Deep Learning-Based Automatic Segmentation and Analysis of Mitochondrial Damage by Zika Virus and SARS-CoV-2.

Viruses can induce various mitochondrial morphological changes, which are associated with the type of immune response. Therefore, characterization and analysis of mitochondrial ultrastructural changes could provide insights into the kind of immune response elicited, especially when compared to uninfected cells. However, this analysis is highly time-consuming and susceptible to observer bias. This work presents the development of a deep learning-based approach for the automatic identification, segmentation, and analysis of mitochondria from thin-section transmission electron microscopy images of cells infected with two SARS-CoV-2 variants or the Zika virus, utilizing a convolutional neural network with a U-Net architecture.

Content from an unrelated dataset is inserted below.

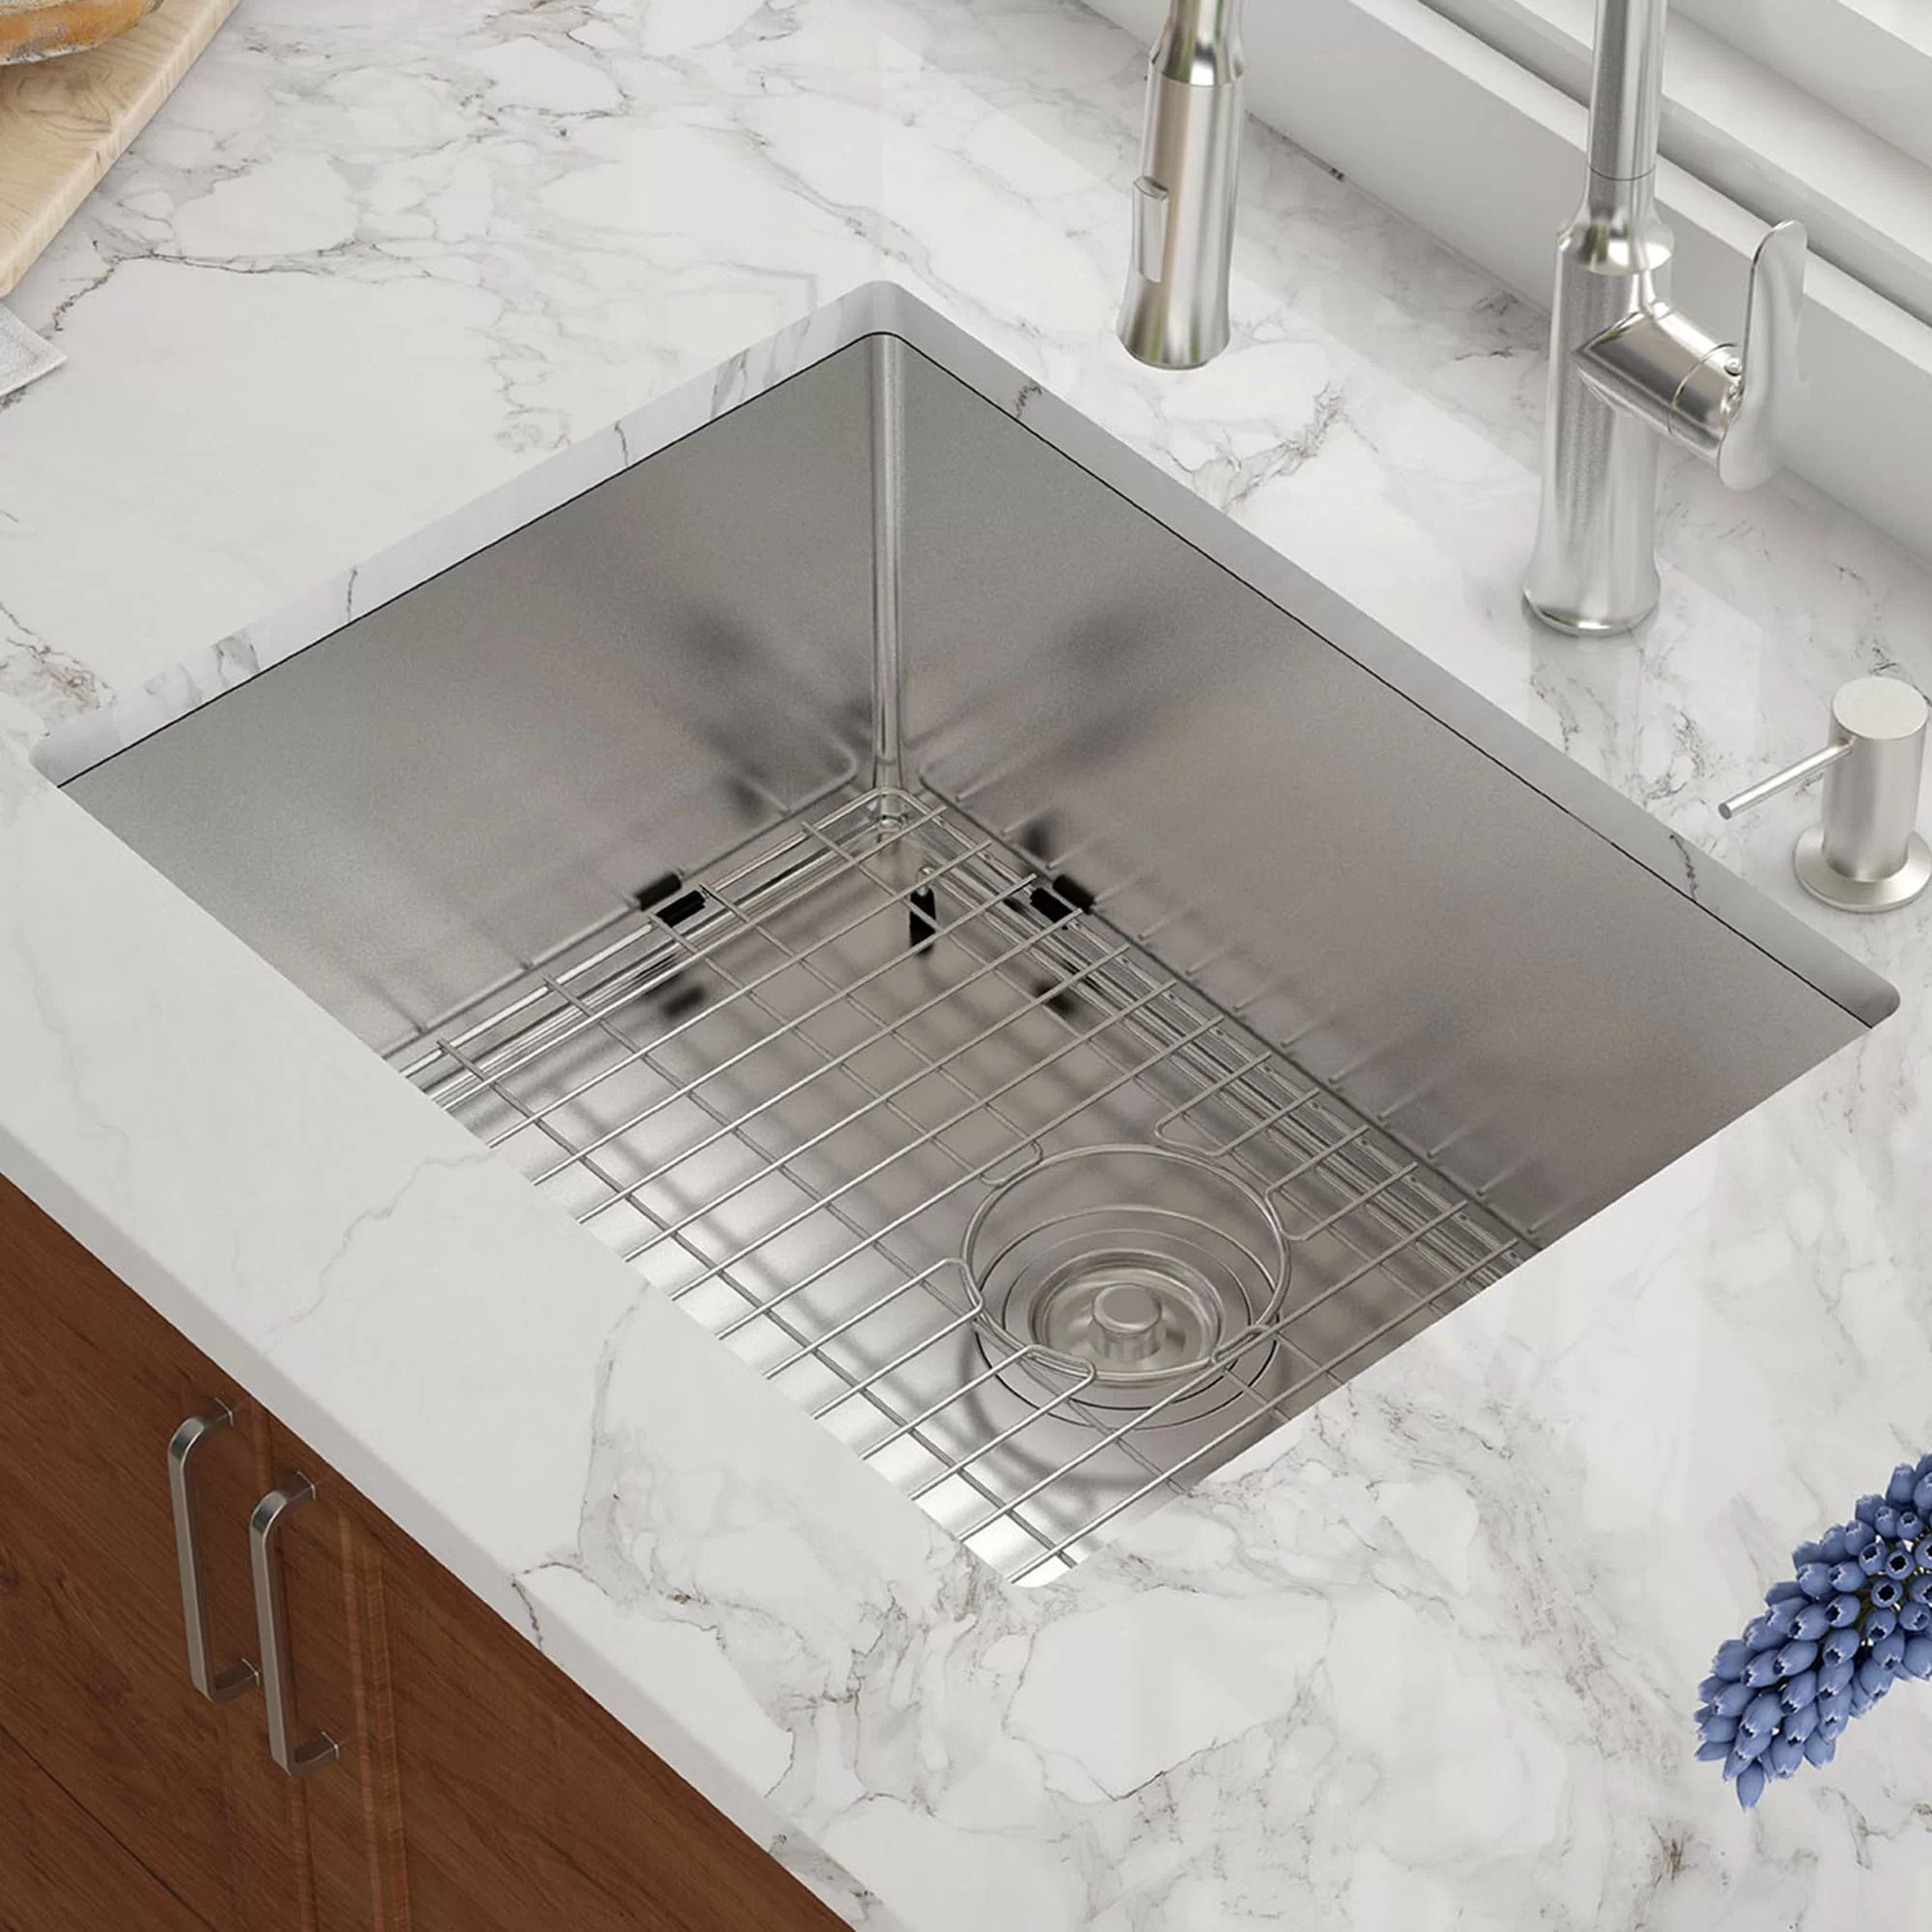 high end kitchen sinks drop ceiling lighting khu101 23 kraus l x 18 w undermount sink reviews
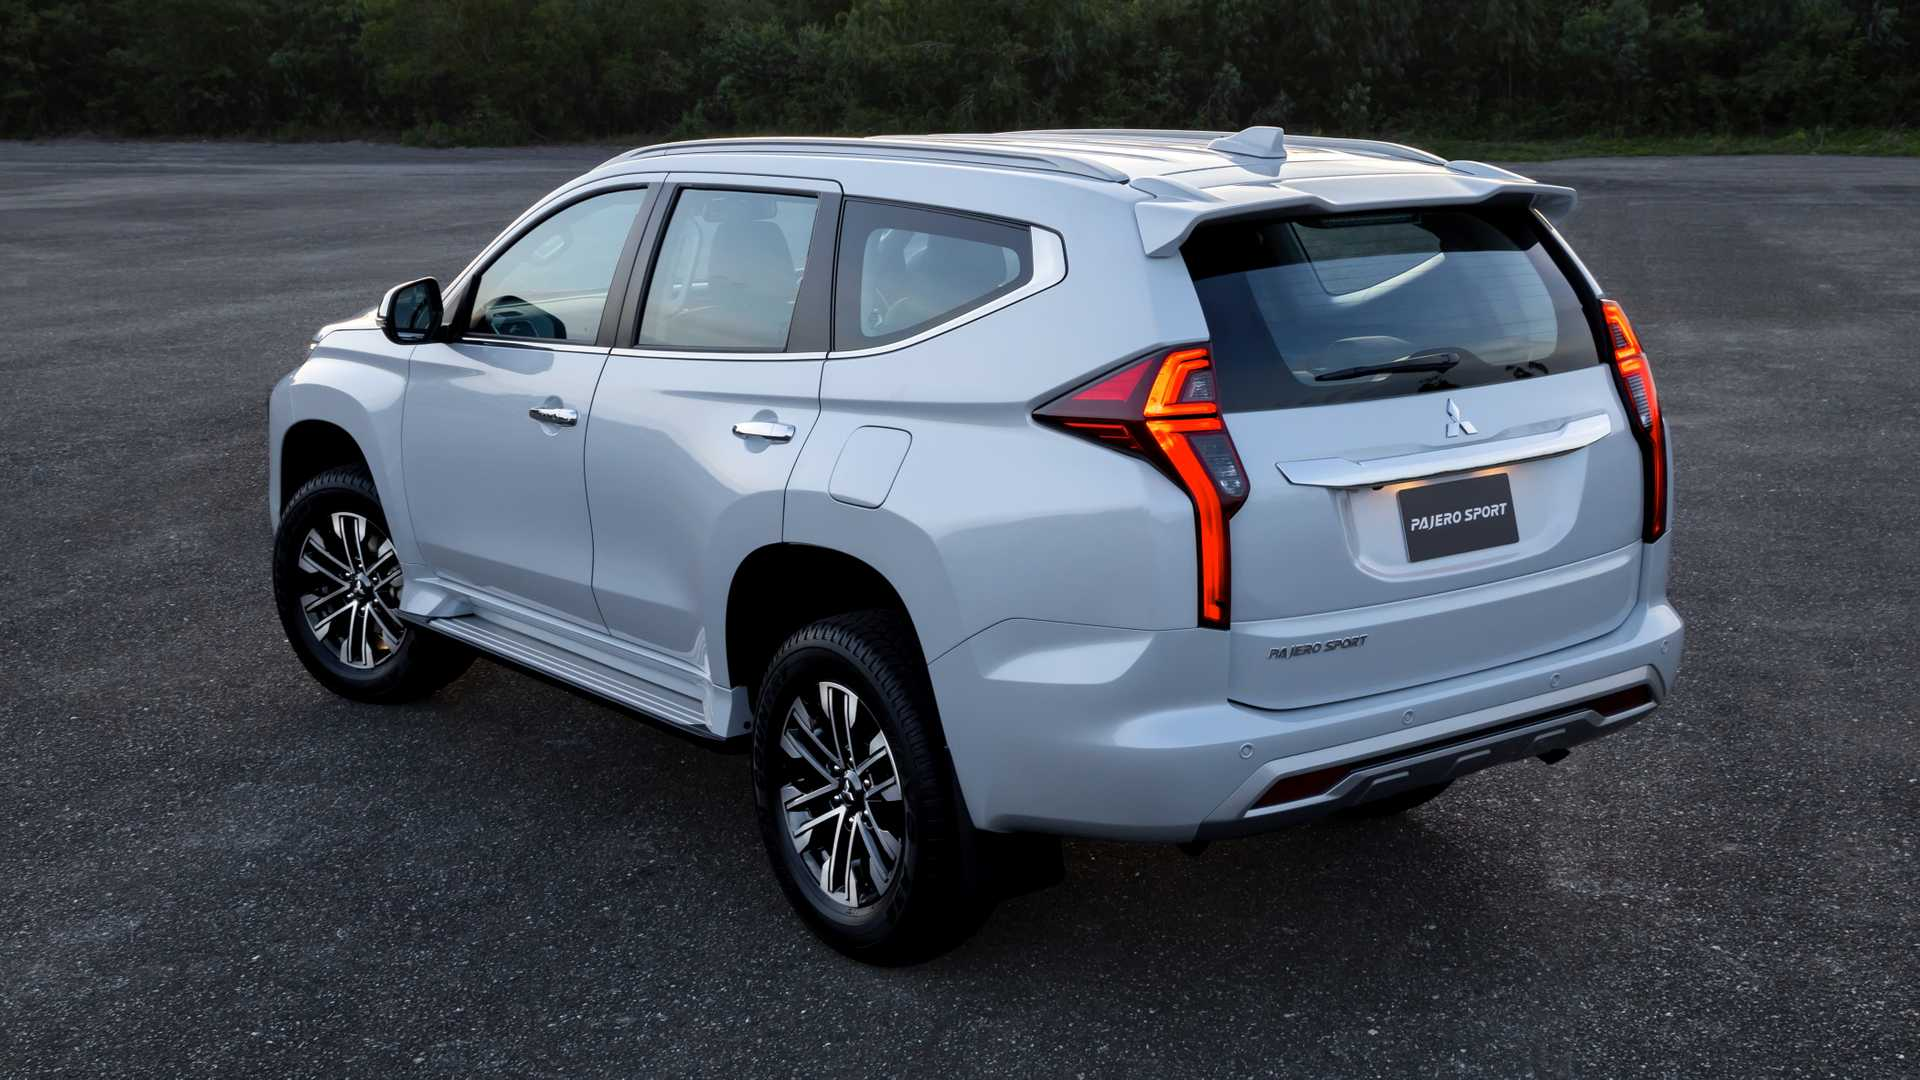 2020_Mitsubishi_Pajero_Sport_facelift_0014

A comparison between manual and automatic segmentations, along with morphological metrics, was performed, yielding an accuracy greater than 85% with no statistically significant differences between the manual and automatic metrics. This approach significantly reduces processing time and enables a prediction of the immune response to viral infections by allowing the detection of both intact and damaged mitochondria. Therefore, the proposed deep learning-based tool may represent a significant advancement in the study and understanding of cellular responses to emerging pathogens. Additionally, its applicability could be extended to the analysis of other organelles, thereby opening up new opportunities for automated studies in cell biology.